St Vincent's Hospital Melbourne Highett, Victoria, Australia
Alannah Quinlivan1, Dennis Neuen2, Dylan Hansen3, Wendy Stevens3, Laura Ross4, Nava Ferdowsi3, Susanna Proudman5, Jenny Walker6, Jo Sahhar7, Gene-Siew Ngian8, Diane Apostolopoulos9, Lauren Host10, Gabor Major11, Kathleen Morrisroe3 and Mandana Nikpour12, 1St Vincent's Hospital Melbourne and the University of Melbourne, Melbourne, Australia, 2Liverpool Hospital, Sydney, Australia, 3St Vincent's Hospital Melbourne, Melbourne, Australia, 4The University of Melbourne at St. Vincent's Hospital, Brunswick, Australia, 5University of Adelaide, Medindie, Australia, 6Flinders Medical Centre, Flinders University, Daw Park, Australia, 7Monash Health, Melbourne, Australia, 8Melbourne Health, Northcote, Australia, 9Monash University, Melbourne, Australia, 10Fiona Stanley Hospital, London, United Kingdom, 11Hunter New England Health Service, Rankin Park - Newcastle, New South Wales, Australia, 12The University of Melbourne at St. Vincent's Hospital Melbourne, Melbourne, Australia
Background/Purpose: To investigate the association between gastroesophageal reflux disease (GORD) and interstitial lung disease (ILD) and determine the effect of GORD treatment on survival in Australian scleroderma (SSc) patients.
Methods: One thousand, six hundred and forty consecutive SSc patients from the Australian Scleroderma Cohort Study (ASCS) were included. Patients were considered to have GORD if they had reported reflux symptoms, had reflux oesophagitis (diagnosed on endoscopy) or were currently being treated with a proton pump inhibitor (PPI) or histamine 2 receptor antagonist (H2 ant). The association between the presence of GORD and demographic and SSc disease features (including presence of ILD) was evaluated.
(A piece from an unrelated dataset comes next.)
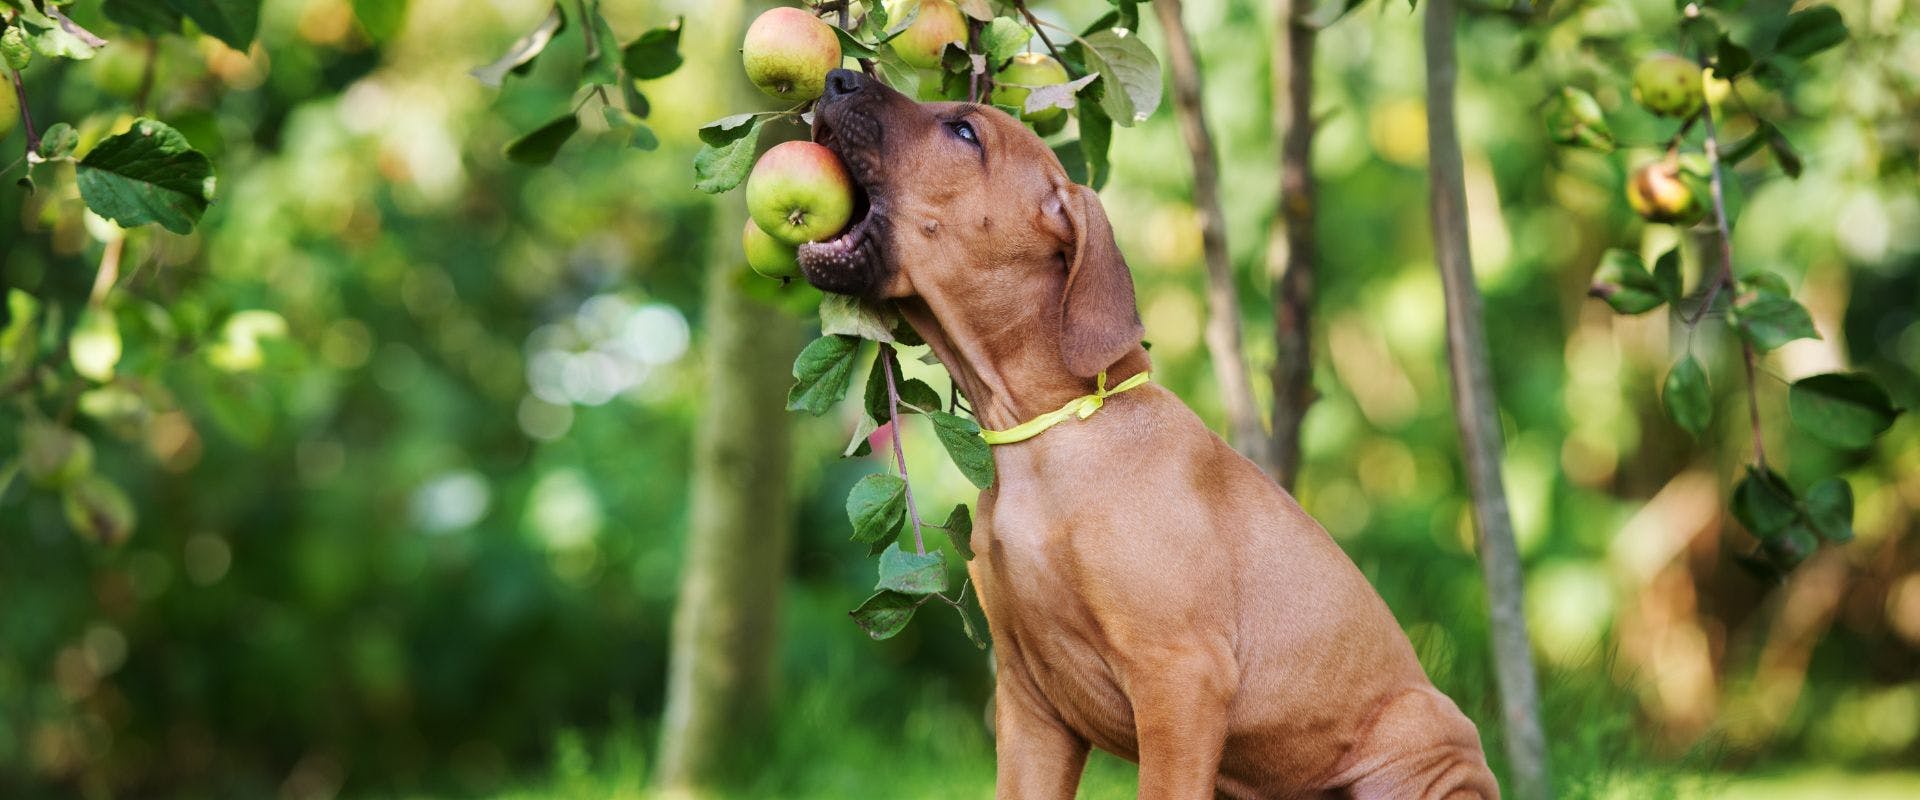 brown dog eating apple from tree

In patients with ILD, we evaluated the relationship between the presence of GORD and severity of ILD as well as time to development of ILD (from onset of first non-RP manifestation). Finally, we assessed the impact of treatment of GORD on survival in all SSc patients and in those with ILD.
Results: GORD was a common manifestation in SSc affecting 93.8% of Australian SSc patients. Development of GORD was associated with longer SSc disease duration (p=0.001) but was not significantly associated with sex, disease subtype or autoantibody status. With regard to disease manifestations, GORD was significantly associated with digital ulcers, higher skin scores (defined using modified Rodnan skin score) and presence of joint contractures, sicca symptoms, faecal incontinence and need for hospitalisation (all p< 0.001). GORD was not significantly associated with PAH. With regard to ILD, there was no significant association between GORD and the presence of ILD, its severity, or the time to development of ILD. Treatment of GORD with anti-reflux medications (either PPI, H2 ant or combination) was associated with improved survival (HR 0.58, p = 0.006). Treatment of GORD did not delay the onset of ILD but was associated with improved overall survival in those with ILD (p=0.002). In patients with GORD and ILD, combination therapy with both PPI and H2 ant improved survival to a greater degree than monotherapy with either agent (Figure 1).
Conclusion: GORD is a common disease manifestation in SSc and its treatment improves survival in all patients, including those with ILD. While the presence or treatment of GORD does not influence the development of ILD, aggressive GORD treatment, ideally with combination therapy, improves survival in those with ILD. Disclosures: A. Quinlivan, None; D. Neuen, None; D. Hansen, None; W. Stevens, None; L. Ross, None; N. Ferdowsi, None; S. Proudman, Jznssen; J. Walker, None; J. Sahhar, Boehringer-Ingelheim; G. Ngian, None; D. Apostolopoulos, None; L. Host, The limbic; G. Major, None; K. Morrisroe, None; M. Nikpour, Janssen, AstraZeneca, GlaxoSmithKlein(GSK), Boehringer-Ingelheim, Bristol-Myers Squibb(BMS).